Manzù's work convinced Giacosa to entrust him, in the same year, with the styling of the Fiat 127, a new car that was to become a revolutionary concept for the people's car and a reference for the global car production in the 1970s. Almost 8 million would be built in two decades.

==Death==
Pio Manzù never saw the result of his French museum judging job, his conceptual idea for the Parentesi lamp or his important project at the Fiat Styling Center. In fact, he was on his way to the presentation of the final Fiat 127 mock-up to the top management, in May 1969, when he had a one-sided car accident on the A4 autostrada Milan-Turin, near the toll booths of the Brandizzo exit, just 10 km before reaching Turin. Having come home late the night before, and having left early to get to the 8.00 a.m. presentation in time, Manzù had chosen to drive his wife's Fiat 500 instead of his own Fiat Dino. For an unknown reason, his car had rolled over. Manzù died in the ambulance before it reached the hospital.

==Other recognition==
- Apart from the items in the MoMA collection, parts of Manzù's work are also in the collections of Galleria d'Arte Moderna e Contemporanea in Bergamo, which staged a retrospective exhibition of the designer's work in 2008, and in the Pinakothek der Moderne in Munich.

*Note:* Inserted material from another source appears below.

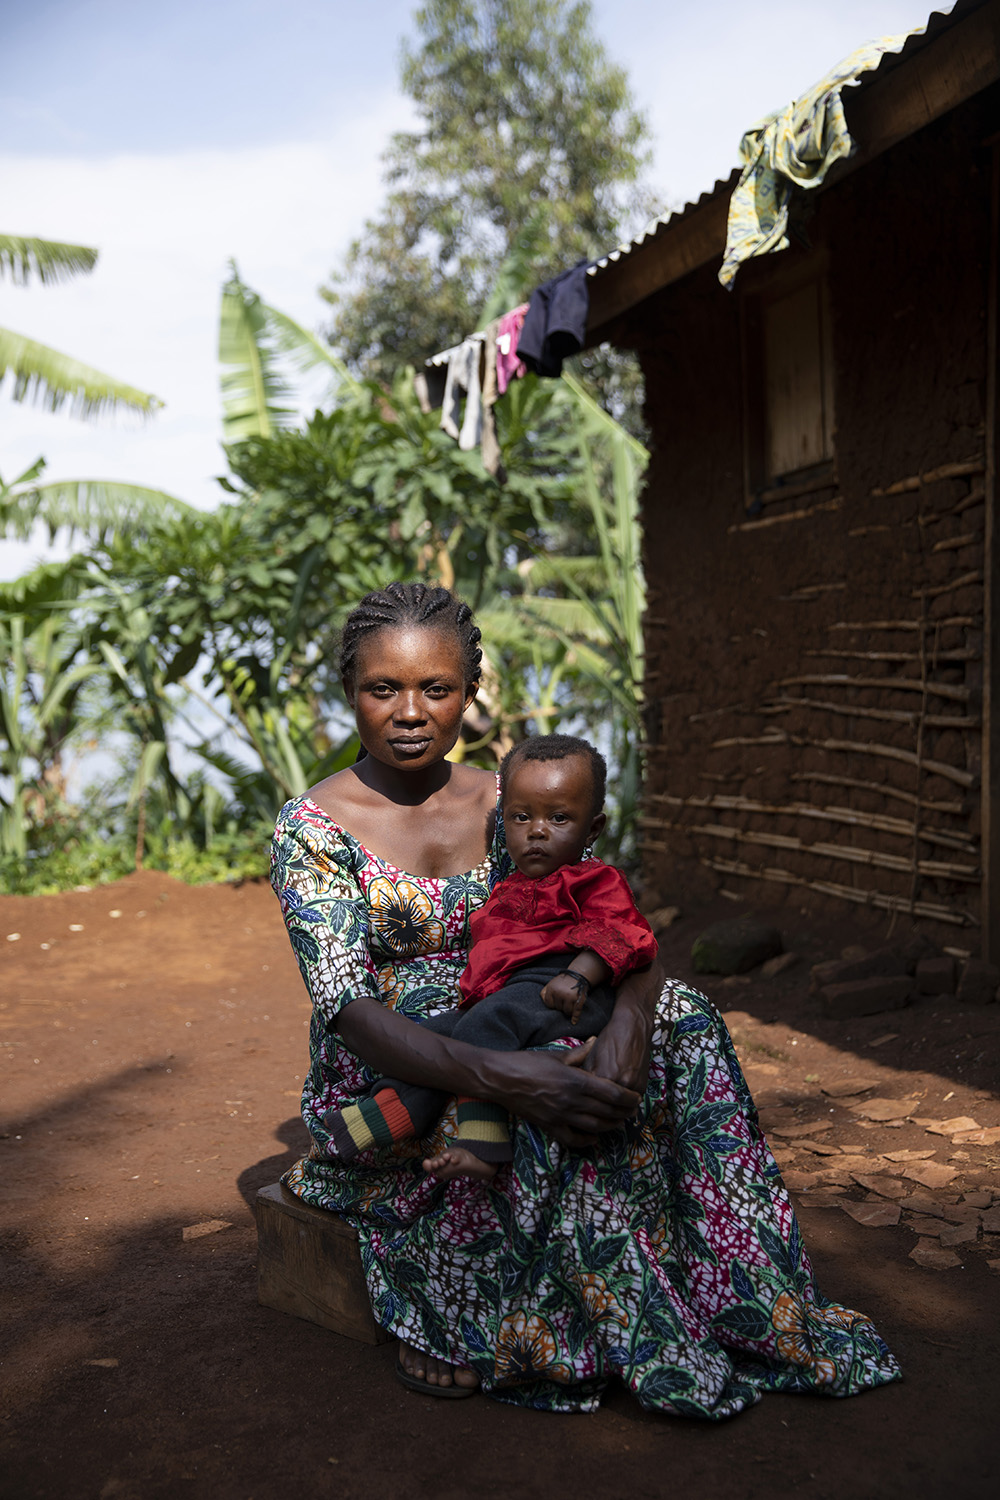 Cadette, 25, had her first child at 11; when we met, she was pregnant with her seventh. Her village in South Kivu, Democratic Republic of Congo, had flooded, so she was now living in a temporary settlement, squeezed into a two room house with her six children, her grandmother and her seven siblings who, as the eldest, she was also looking after. She had so much energy and an amazing sense of humour. The settlement is supported by UNHCR.

- In 1969, the UN founded Pio Manzù International Research Centre in Rimini, Italy, in order to facilitate studies of economic and scientific aspects of the relationship between man and his environment. It closed in 2016.

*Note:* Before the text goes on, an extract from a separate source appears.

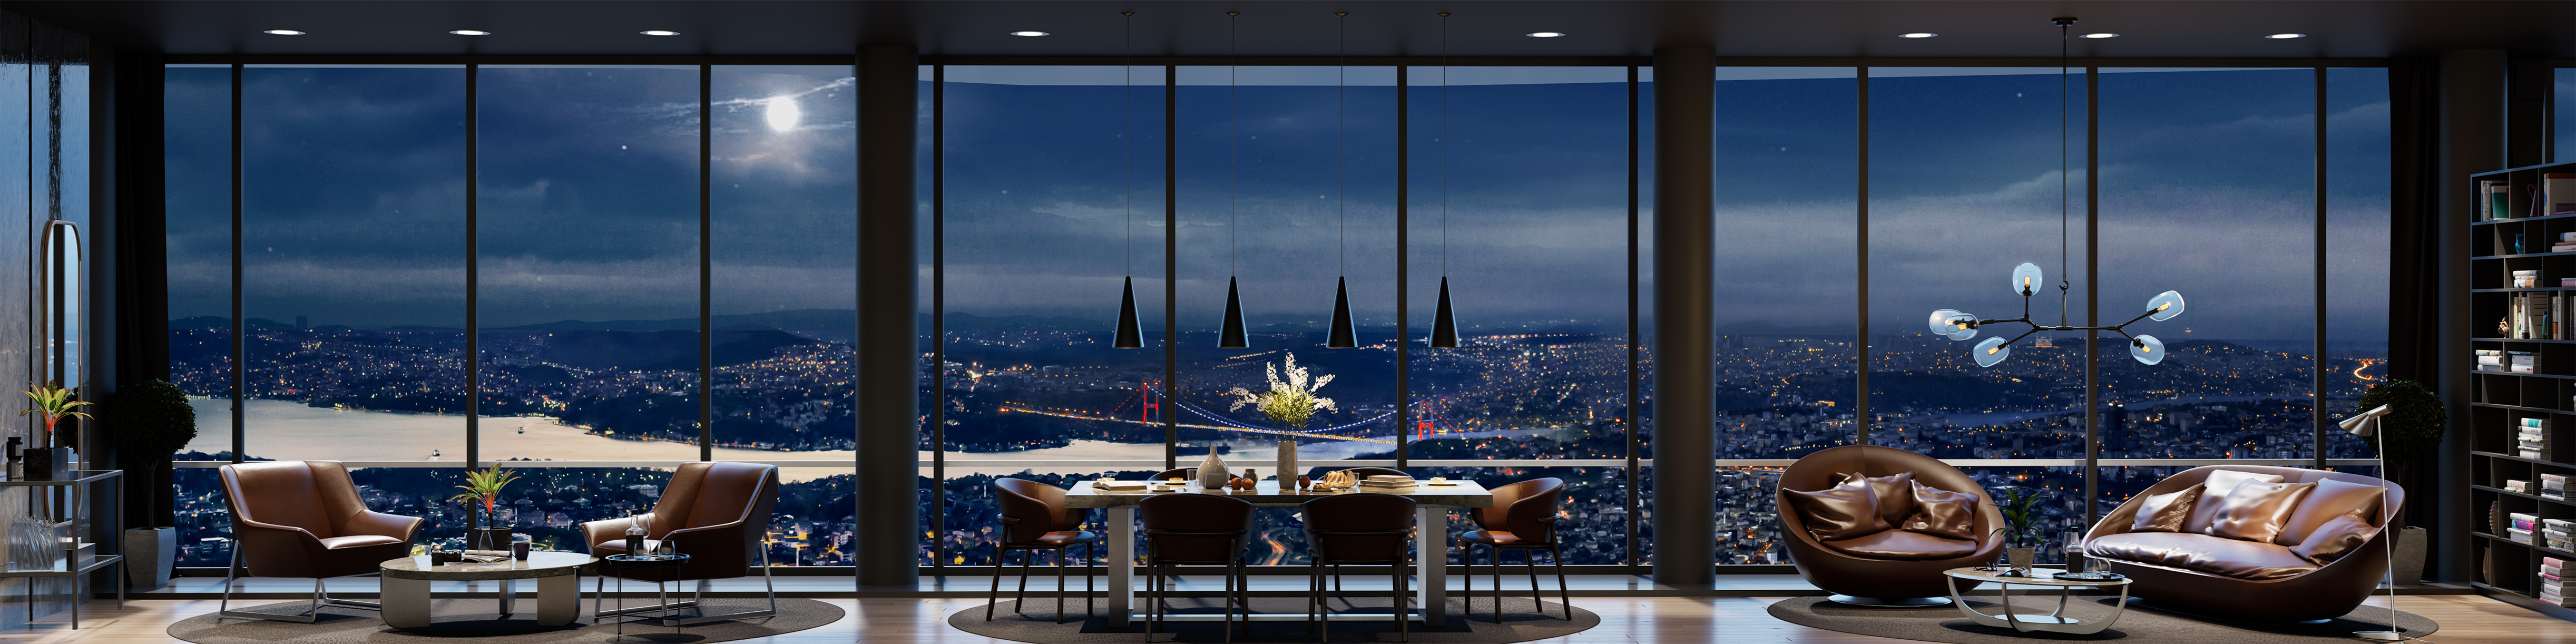 Luxury apartments and offices for sale in Maslak, Istanbul with Bosphorus views

- Fondazione Manzù has been established in order to support high-profile initiatives, projects and events to encourage studies and research in the field of design, technology of materials, production processes, means and infrastructures for mobility, and environment.
- There is a secondary school ("Liceo Artistico Giacomo e Pio Manzù") and a street ("Via Pio Manzù") named in his honour in Bergamo.
- In 2021, the Museo Nazionale dell’Automobile in Turin staged an exhibition titled Che Macchina! 1971–2021 Pio Manzù e i cinquant'anni della 127 .

==Publications==
- Finessi, Giuseppe (2008). "Pio Manzù: Quando il mondo era moderno"
- Alfarano, Giampiero (2019). "Pio Manzù: Designer di Transizione tra Moderno e Contemporaneo"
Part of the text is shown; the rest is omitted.